Then, whatever happens to you, you will have the comfort of feeling—Christ understands this; Christ has been through this. Child though I am, Christ can be touched with the feeling of my weakness, for he was once a child like me.
And then, if trouble, or sickness, or death come among you—and you all know how sickness and death have come among you of late—you may be cheerful and joyful still, if you will only try to be such children as Jesus was. Obey your parents, and be subject to them, as he was; try to learn from your teachers, pastors, and masters, as he did; try and pray to increase daily in favour both with God and man, as he did: and then, even if death should come and take you before your time, you need not be afraid, for Jesus Christ is with you.
Your childish faults shall be forgiven you for Jesus’ sake; your childish good conduct shall be accepted for Jesus Christ’s sake; and if you be trying to be good children, doing your little work well where God has put you, humble, obedient, and teachable, winning love from the people round you, and from God your Father in heaven, then, I say, you need not be afraid of sickness, not even afraid of death, for whenever it takes you, it will find you about your Father’s business.
SERMON XX.
THE LOCUST-SWARMS.
Joel ii. 12, 13.
Therefore also now, saith the Lord, Turn ye even to me with all your heart, and with fasting, and with weeping, and with mourning; and rend your heart, and not your garments, and turn unto the Lord your God, for he is gracious and merciful, slow to anger, and of great kindness, and repenteth him of the evil.
This is one of the grandest chapters in the whole Old Testament, and one which may teach us a great deal; and, above all, teach us to be thankful to God for the blessings which we have.
I think I can explain what it means best by going back to the chapter before it.
Joel begins his prophecy by bitter lamentation over the mischief which the swarms of insects had done; such as had never been in his days, nor in the days of his fathers.
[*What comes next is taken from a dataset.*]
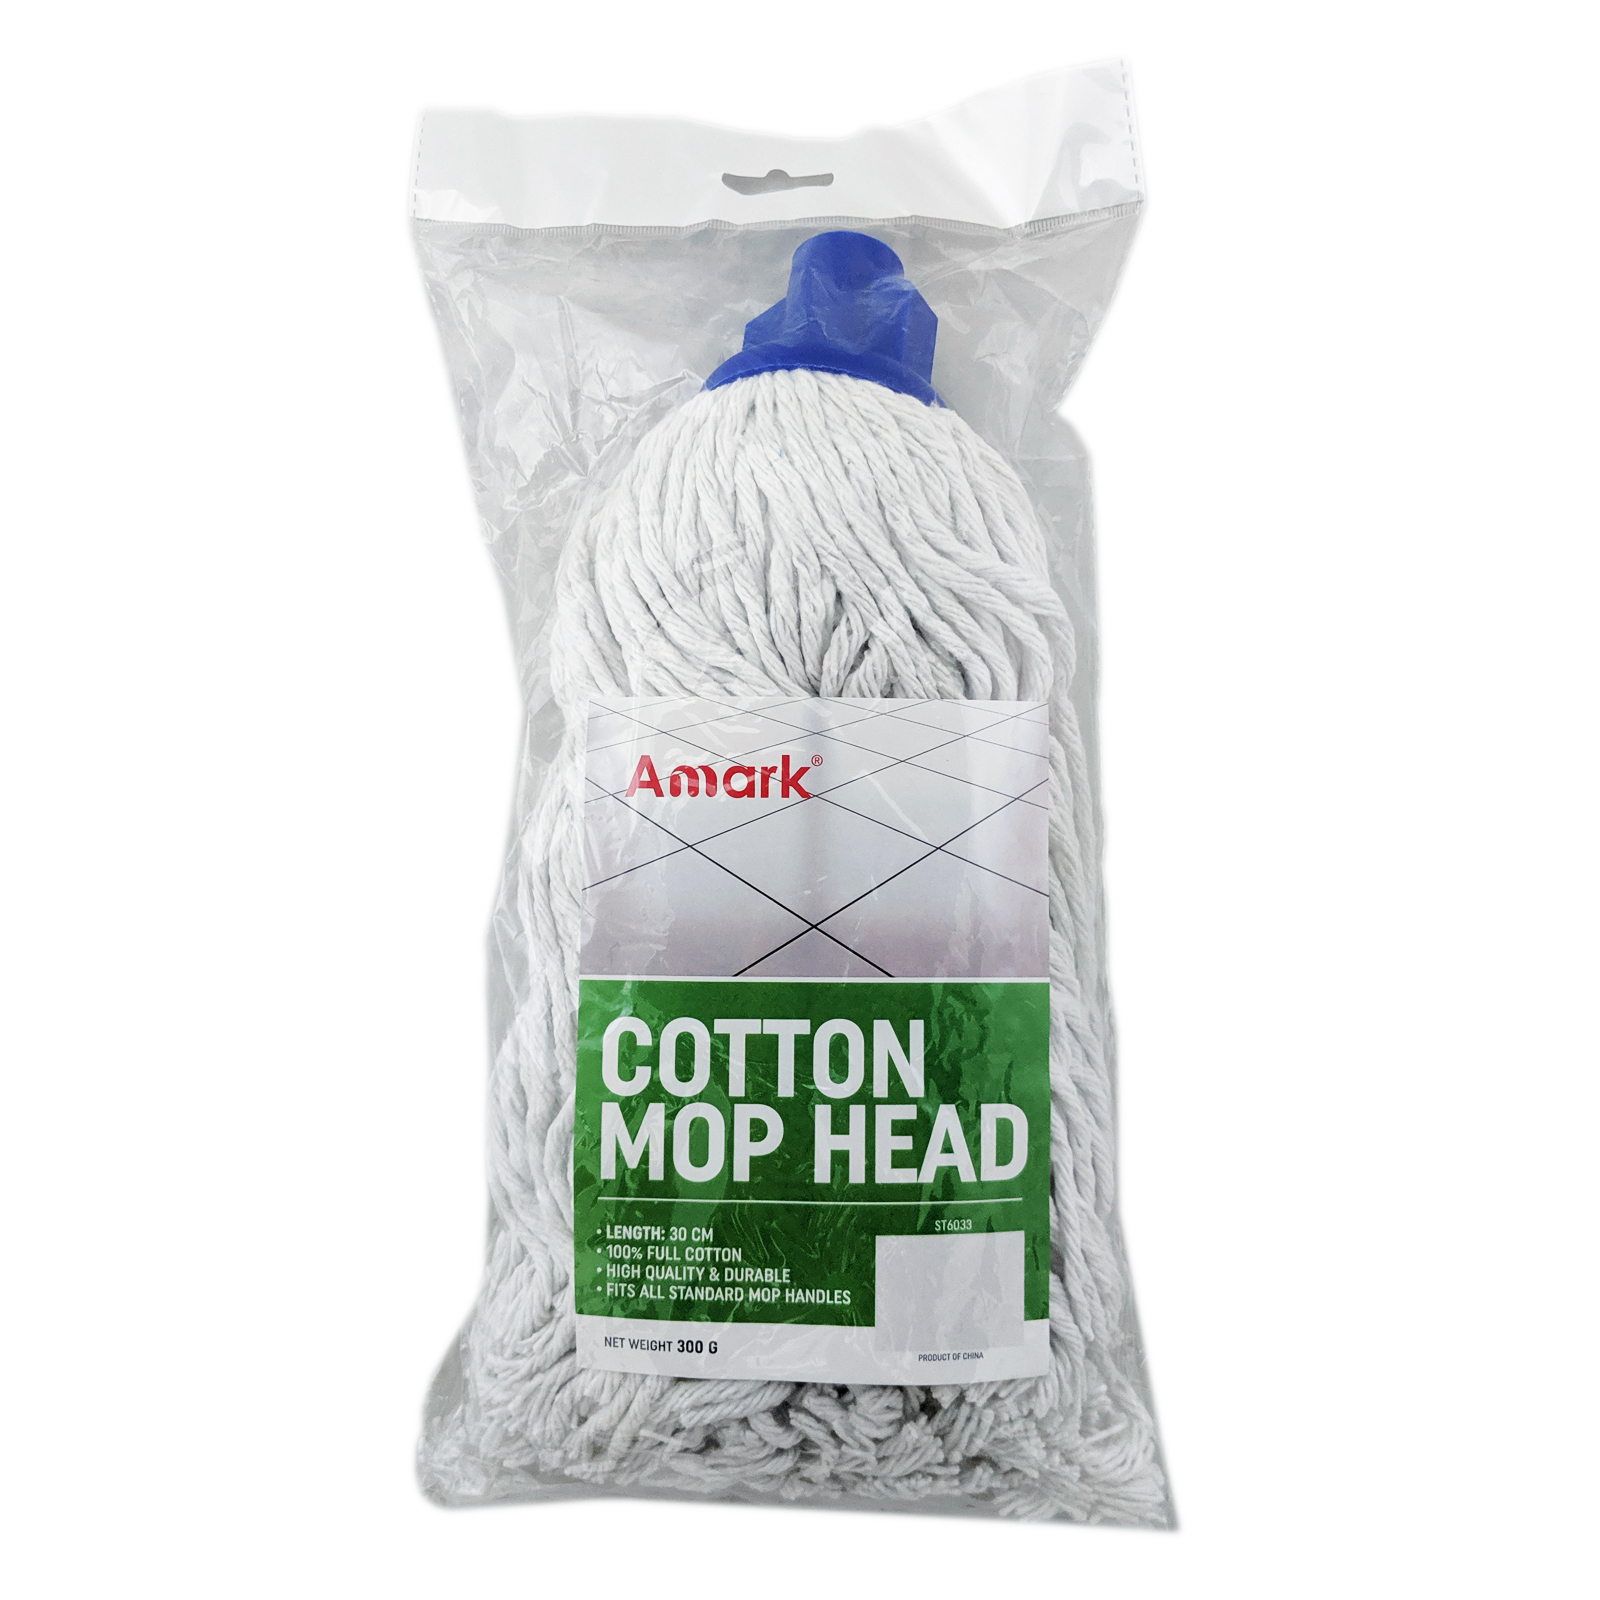 Amark Cotton Mop Head 300g
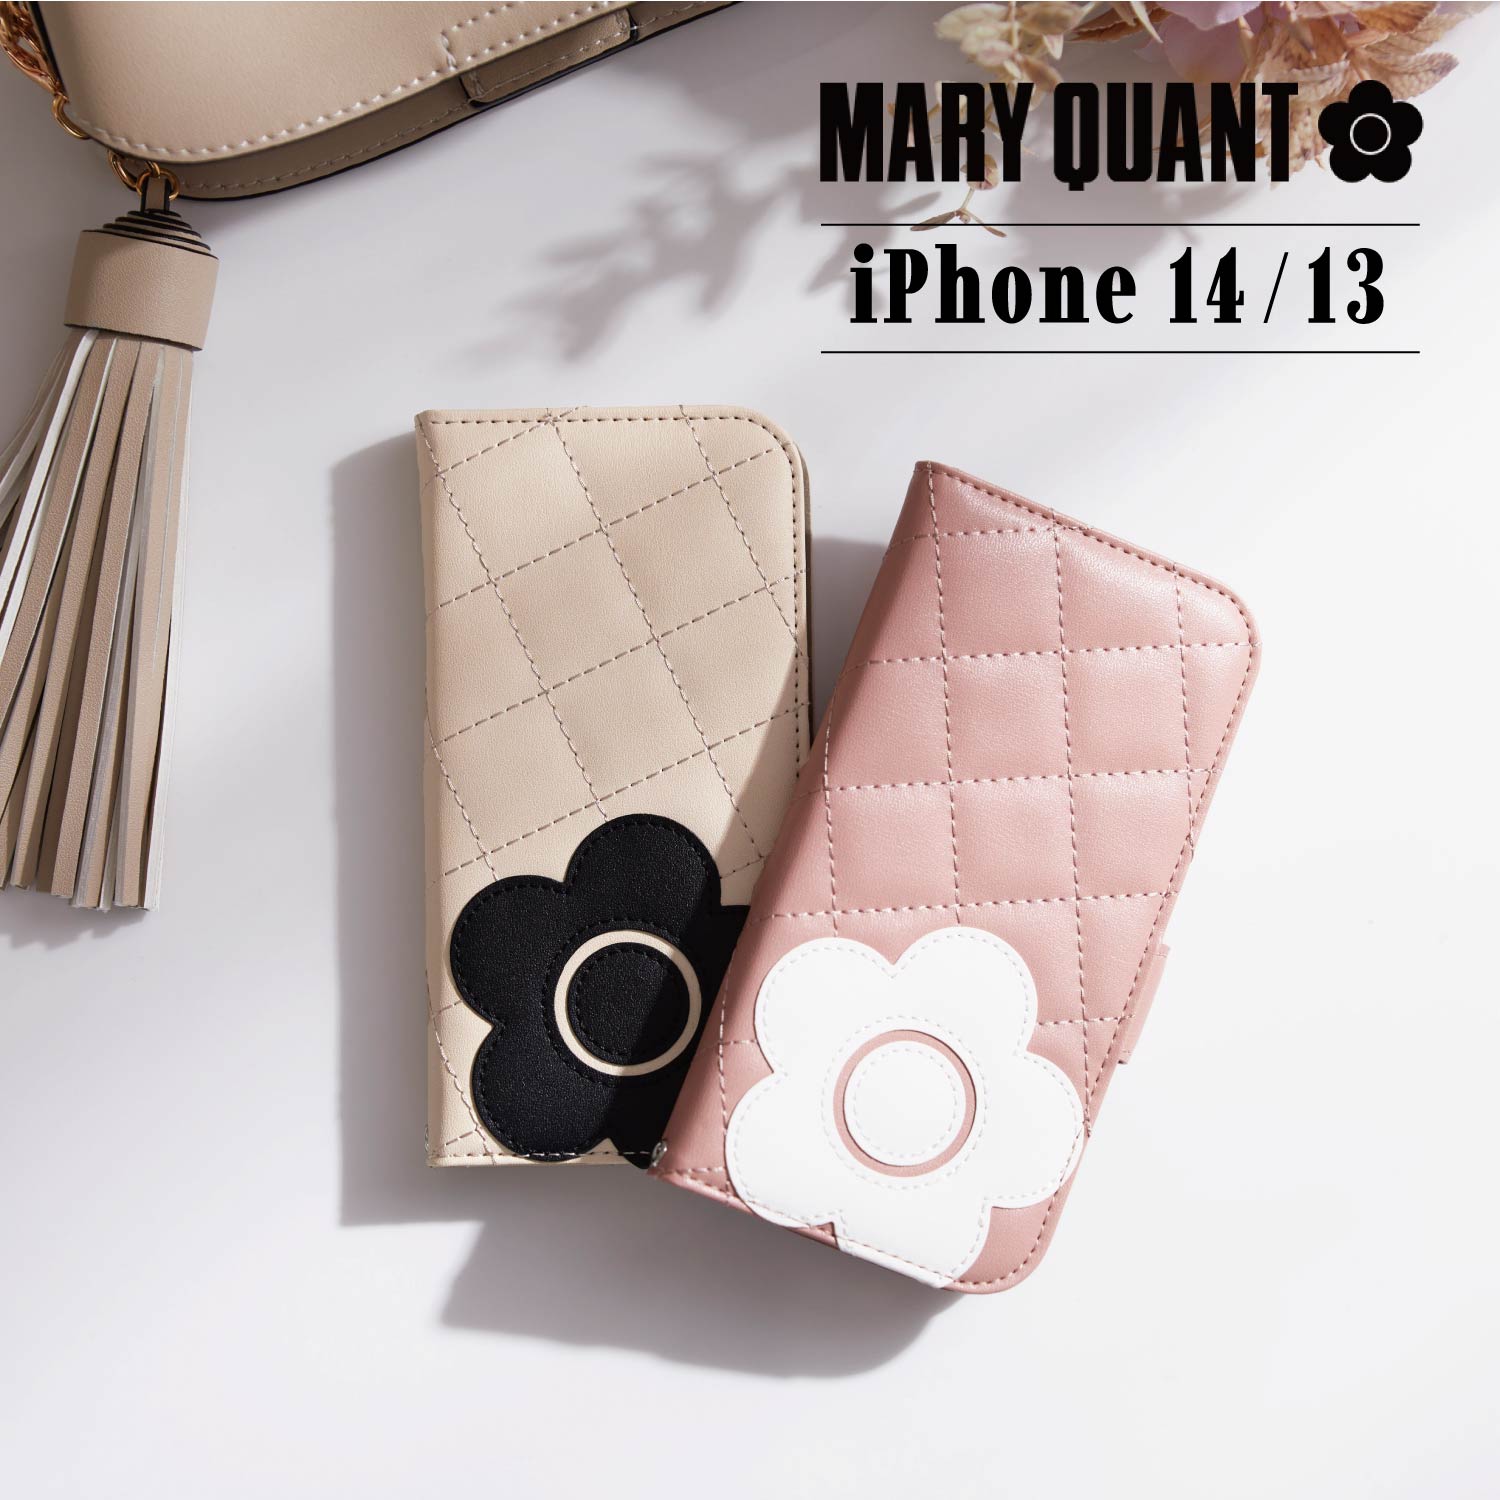 マリークヮント スマホケース レディース マリークヮント MARY QUANT iPhone 14 13 ケース スマホケース 携帯 レディース PU QUILT LEATHER BOOK TYPE CASE ブラック ホワイト グレー ブラウン ピンク 黒 白 母の日

What the palmer worm had left, the locust had eaten; what the locust had left, the cankerworm had eaten; and what the cankerworm had left, the caterpillar had eaten. Whether these names are rightly rendered, or whether they mean different sorts of locusts, or the locusts in their different stages of growth, crawling at first and flying at last, matters little. What mischief they had done was plain enough. They had come up ‘a nation strong and without number, whose teeth were like the teeth of a lion, and his cheek-teeth like those of a strong lion. They had laid his vines waste, and barked his fig-tree, and made its branches white; and all drunkards were howling and lamenting, for the wine crop was utterly destroyed: and all other crops, it seems likewise; the corn was wasted, the olives destroyed; the seed was rotten under the clods, the granaries empty, the barns broken down, for the corn was withered; the vine and fig, pomegranate, palm, and apple, were all gone; the green grass was all gone; the beasts groaned, the herds were perplexed, because they had no pasture; the flocks of sheep were desolate.’ There seems to have been a dry season also, to make matters worse; for Joel says the rivers of waters were dried up—likely enough, if then, as now, it is the dry seasons which bring the locust-swarms. Still the locusts had done the chief mischief. They came just as they come now (only in smaller strength, thank God) in many parts of the East and of Southern Russia, darkening the sky, and shutting out the very light of the sun; the noise of their innumerable jaws like the noise of flame devouring the stubble, as they settled upon every green thing, and gnawed away leaf and bark; and a fire devoured before them, and behind them a flame burned; the land was as the garden of Eden before them, and behind them a desolate wilderness; [162] till there was not enough left to supply the daily sacrifices, and the meat offering and the drink offering were withheld from the house of God.
But what has all this to do with us? There have never, as far as we know, been any locusts in England.
And what has this to do with God? Why does Joel tell these Jews that God sent the locusts, and bid them cry to God to take them away? For these locusts are natural things, and come by natural laws. And there is no need that there should be locusts anywhere. For where the wild grass plains are broken up and properly cultivated, there the locusts, which lay their countless eggs in the old turf, disappear, and must disappear. We know that now. We know that when the East is tilled (as God grant it may be some day) as thoroughly as England is, locusts will be as unknown there as here; and that is another comfortable proof to us that there is no real curse upon God’s earth: but that just as far as man fulfils God’s command to replenish the earth and subdue it, so far he gets rid of all manner of terrible scourges and curses, which seemed to him in the days of his ignorance, necessary and supernatural.